To meet deep decarbonisation goals, the industry will ultimately depend on scalable e-fuels—such as e-methanol and e-ammonia—produced from renewable electricity and green hydrogen. The IMO has acknowledged this need by setting a 2030 ambition of achieving at least 5% (striving for 10%) of fuel use from zero- or near-zero emission fuels. This early target is critical to commercialising these solutions ahead of widespread deployment in the 2030s and beyond.
Rewarding Zero-Emission Fuels: A Critical Missing Piece
The Net Zero Framework includes a mechanism for incentivising the uptake of ZNZs, funded by penalties collected from non-compliant ships. These funds are meant to be redistributed as rewards to shipowners using approved zero- and near-zero emission fuels.
However, without clear guidelines, the risk remains that widely available biofuels—already viable under the GFS—could claim a disproportionate share of these rewards. If this happens, it may undermine investment in truly scalable e-fuels that require the most financial support today.
A misalignment in incentives could result in missed opportunities to develop the next generation of clean shipping fuels.
The IMO’s Next Step: Getting the Incentives Right
To ensure e-fuel development receives sufficient support, the IMO must fine-tune its reward mechanisms during the ongoing negotiation process. Several options are under consideration:
- Targeted eligibility: Focus rewards exclusively on fuels derived from scalable electrolytic hydrogen.
- Lifecycle-based assessments: Evaluate fuels based on full environmental impact, accounting for their scalability and long-term sustainability.
- Tiered incentives: Provide differentiated levels of rewards based on the cost and maturity of each fuel type, ensuring a fair and efficient distribution of funds.
Although the IMO has traditionally embraced technology neutrality, this approach may limit its ability to provide a strong policy ‘push’ for transformative technologies like e-fuels.

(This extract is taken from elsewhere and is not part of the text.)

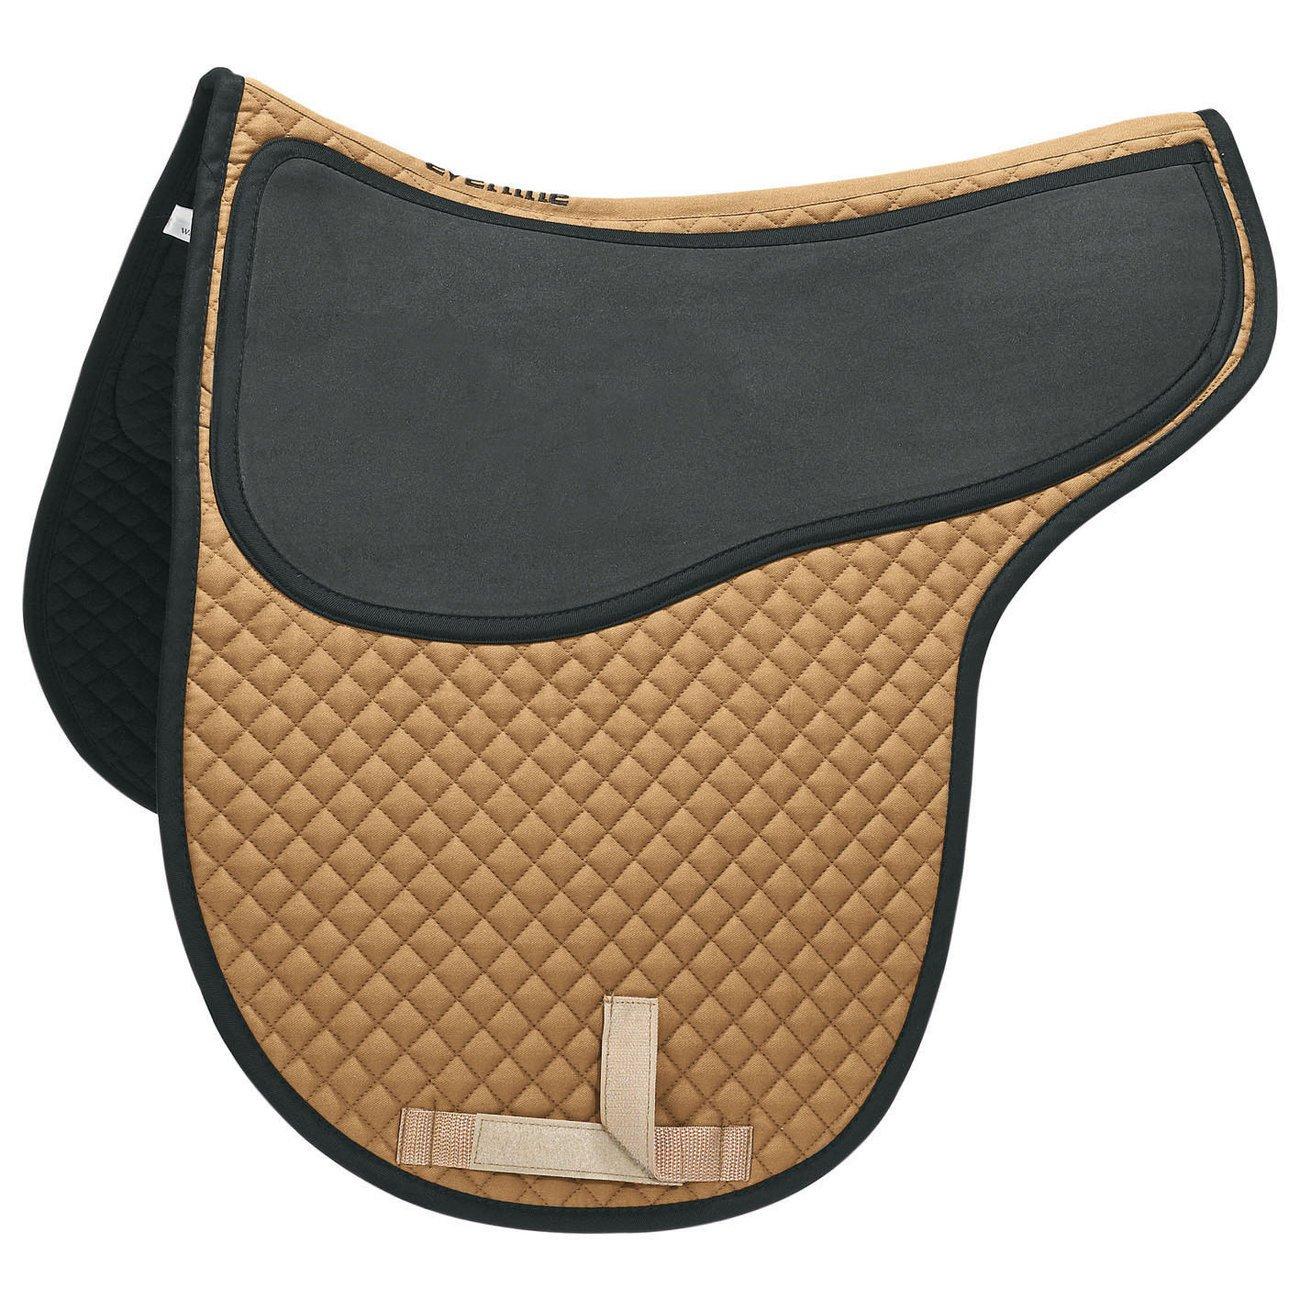 BUSSE Satteldecke Perfect Fit, Dressur, Voll-, Warmblut - caramel, black

Urgency Builds Ahead of 2027 Implementation
The formal vote to adopt April’s framework is expected in October 2025, but negotiations around fuel definitions, lifecycle assessments, and the rewards mechanism will likely continue into 2026 and 2027. With implementation targeted for end-2027, time is running short for policymakers to set the rules that will shape the industry’s fuel investments for decades.

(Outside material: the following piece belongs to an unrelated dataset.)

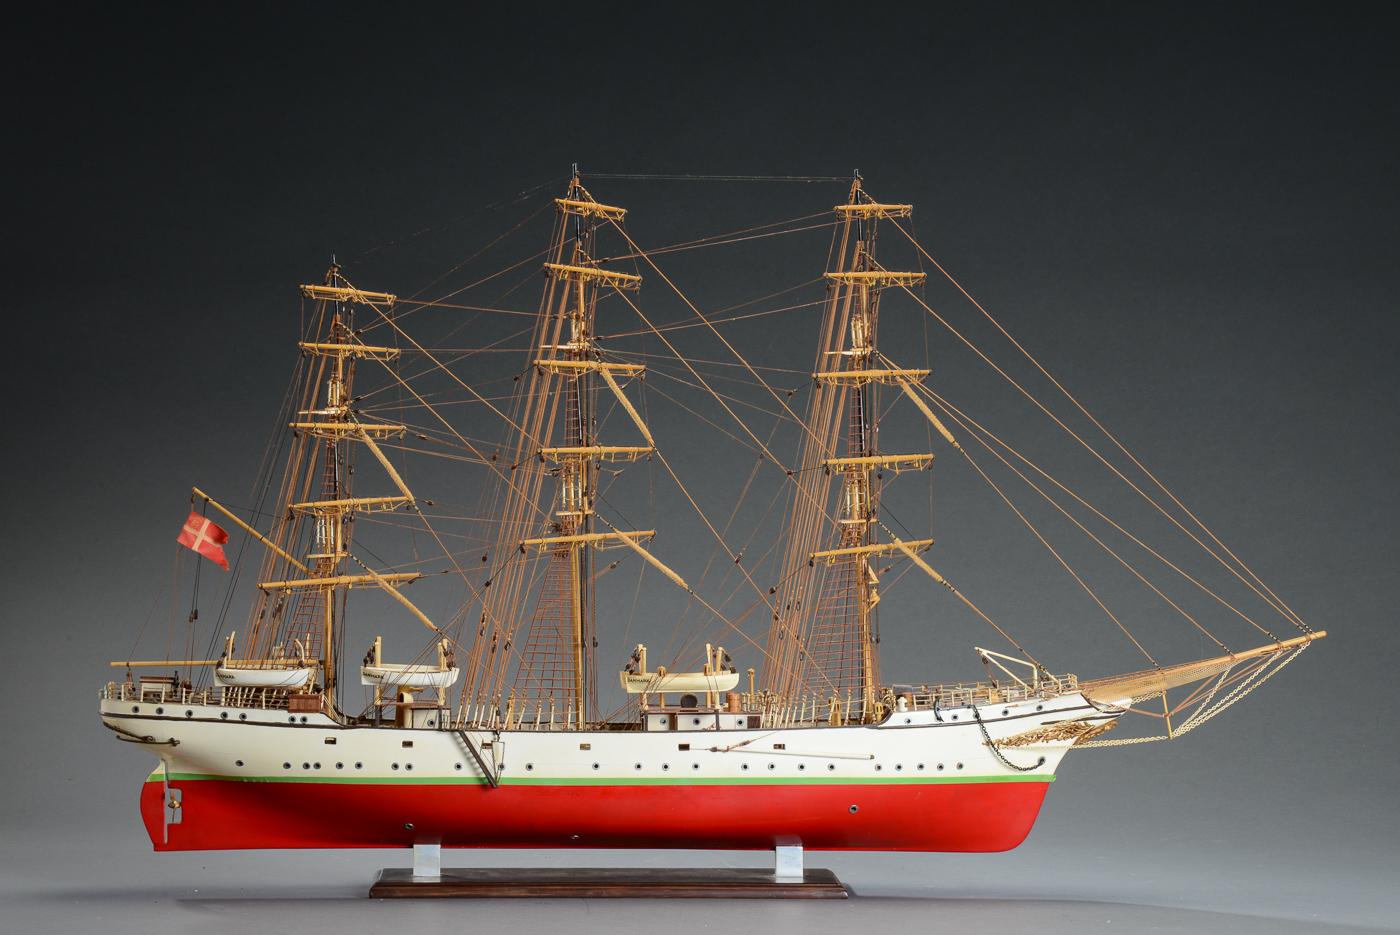 Skoleskibet Danmark - håndbygget tre-mastet fuldrigger modelskib i delvist bemalet træ - Skoleskibet Danmark - håndbygget tre-mastet fuldrigger modelskib i delvist bemalet træ. Rigt detaljeret. Med stand. H. 60. L. 103 cm. B. 14 cm

Shipping companies, fuel producers, and infrastructure developers must start deploying capital now—decisions that will be heavily influenced by the incentives ultimately codified in the final framework. Getting these policy tools right is critical to avoid locking in suboptimal pathways and to ensure that zero-emission fuels can compete commercially on the global stage.
A Foundation Laid, Now Details Matter
The IMO’s Net Zero Framework provides a solid foundation for the shipping industry’s climate transition. But its success hinges on how clearly and fairly the implementation guidelines are written. By establishing rewards that truly reflect the challenges and benefits of e-fuel deployment, the IMO can unlock the investments needed to bring a zero-emission shipping future into view.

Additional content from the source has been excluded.